Since there is now a considerable body of work describing the development of tools for pain assessment, it was possible to evaluate the relevance, specificity and reliability of various pain behaviours previously described as relevant in horses. The low repeatability and reproducibility of some behaviours may indicate that their interpretation is influenced by the experience of the evaluator, and therefore they are imprecise. Although the reliability of the total score of the refined scale was not investigated, the sensitive and specific items of the behaviours and categories may be used to compose a refined scale for future validation, ideally under clinical conditions.
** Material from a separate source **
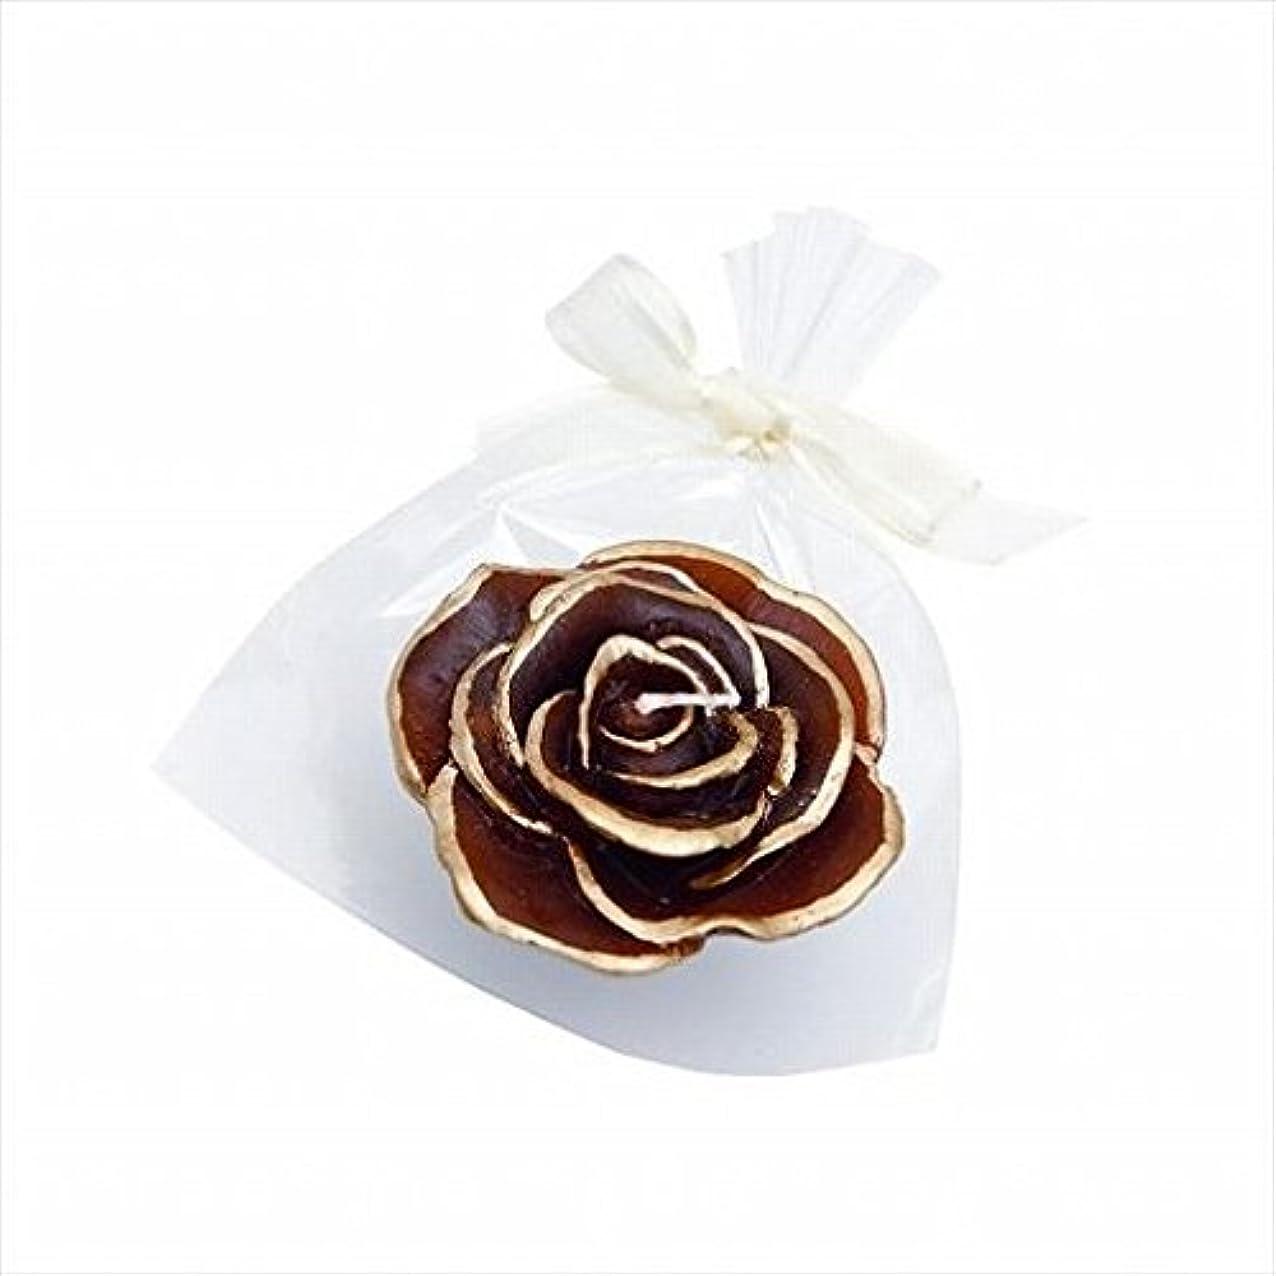 繊毛生産的強打kameyama candle(カメヤマキャンドル) プリンセスローズ 「 チョコレート 」(A6390500CH)

It should also be noted that during the initial part of the scale, the observer was not present in the box. I It is therefore difficult to accurately ascertain how much the evaluator's presence might interfere with the pain assessment. Consequently, whenever possible horses should be observed using a remote monitoring system. Although the time necessary for pain assessment has not been determined, after 700 hours of video analysis, we empirically suggest a time frame of 5 minutes would be sufficient for observation of pain-related relevant behaviours in the horse.